Using RF To See Through Walls

This is some seriously cool stuff. Researchers at MIT recently came up with a device that can “see” through walls. It can actually identify a person (or people) behind a solid object.

They call it RF-Capture and it uses radio waves to identify people. Kind of like some high tech radio-frequency sonar. Using a very complex algorithm it can reconstruct the human figure by analyzing the various reflections of the signals transmitted. It’s so accurate it can even distinguish between different people based on size and posture, and even trace a person’s handwriting in the air.

Sounds like whatever they’re doing, it’s probably blasting a lot of radiation to do it. You’d think so, but no.

The transmitted power is actually 10,000 times lower than a cellphone. Crazy!

While it might not be quite the same caliber as this research, did you know you can make a rudimentary sonar device using microphones and piezo elements?

[via BGR]

20 thoughts on “Using RF To See Through Walls

  1. Oh the Kinect has been doing this for years, MS just never got around to telling us that also “sees” through walls, and has identified everyone in your household, their habits, and activity levels and reported back to Redmond…
    B^)

    1. Actually neither is correct, from the paper:

      “It is difficult for RF-Capture to capture reflections from the user’s
      legs.
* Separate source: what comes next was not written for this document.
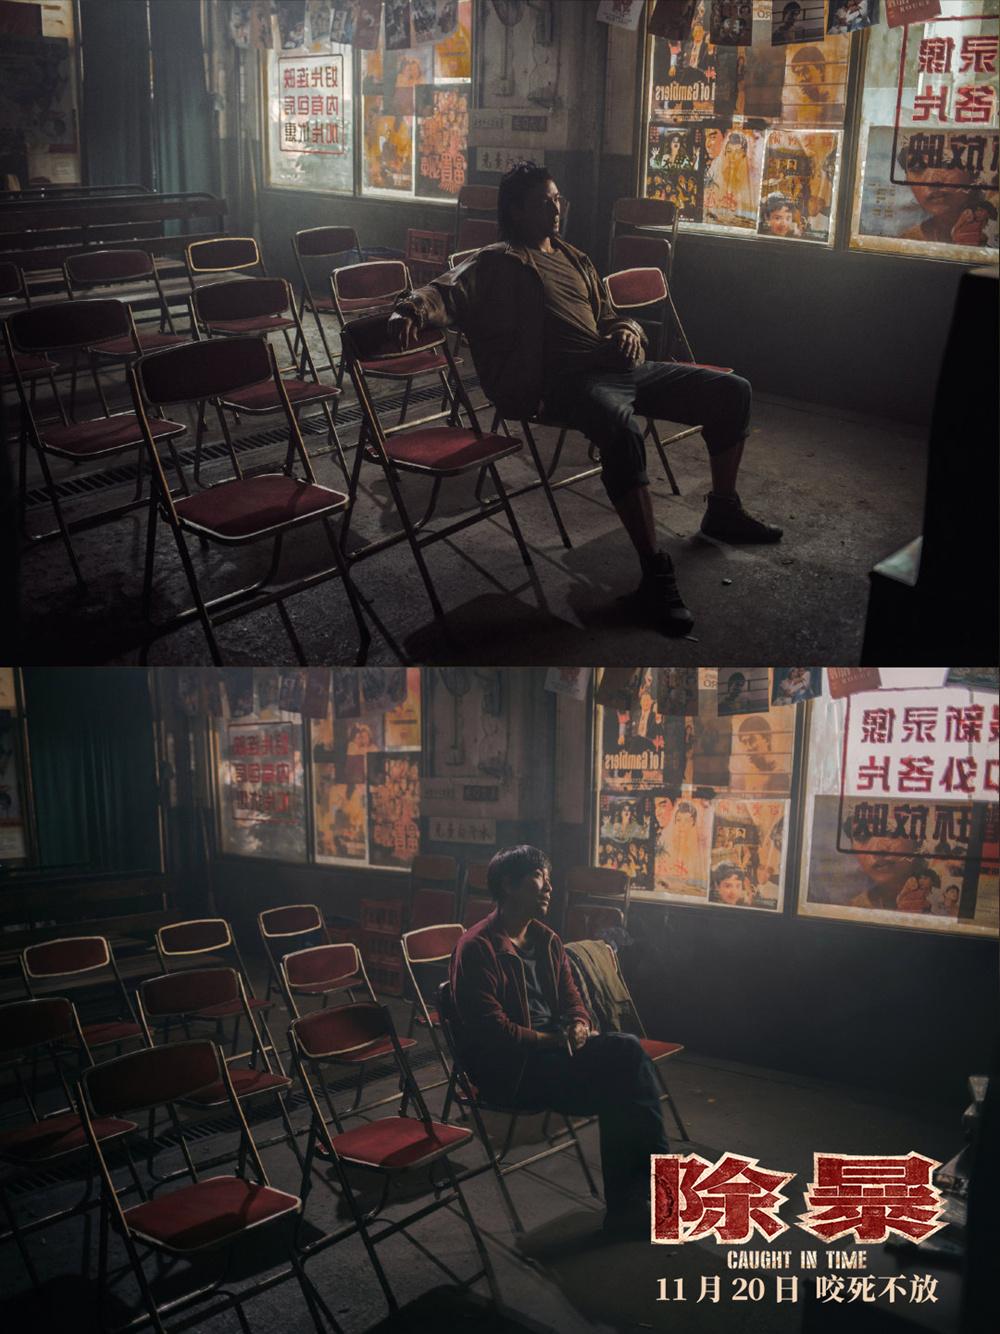 《除暴》里吴彦祖和王千源饰演的角色,分别坐在同一家录像厅内观看港片《喋血双雄》

This is because even as the legs move, they deflect the incident
      RF signals away from the antenna array (toward the ground) rather
      than reflecting them back to the array since the normal to the surface
      of the legs stays almost parallel to the ground. (Note that placing
      the antenna array on the ground instead would enable it to capture a
      user’s legs but would make it more difficult for the array to capture
      his head and chest reflections.)”

  2. The good people at one of our national labs can probably say…
    Been there (19 years ago), done that (well, not exactly the same but still w/radio waves):
    https://str.llnl.gov/str/pdfs/01_96.2.pdf
    And if you want to go out and get some tech for your self, I think (some of) Zircon Stud Finders use some similar ideas.

    As for the above effort, by the looks of it, it’s a phased array. So I assume X-direction is controlled by sweeping the beam. And the Y-direction, as Falense points out, is timed. Probably why the array is placed higher then the person. I suspect if you want more resolution you do the things that side-scan-sonar and side-scan-radar people do. Tighter beams and more precise timing.

  3. Complaints aside this could be neat in a home. With a ring to press to activate gesture actions. Combine it with position detection (or one time manual positioning) of in home devices and we could turn things like a TV, heater, fan etc on/off by pointing at them.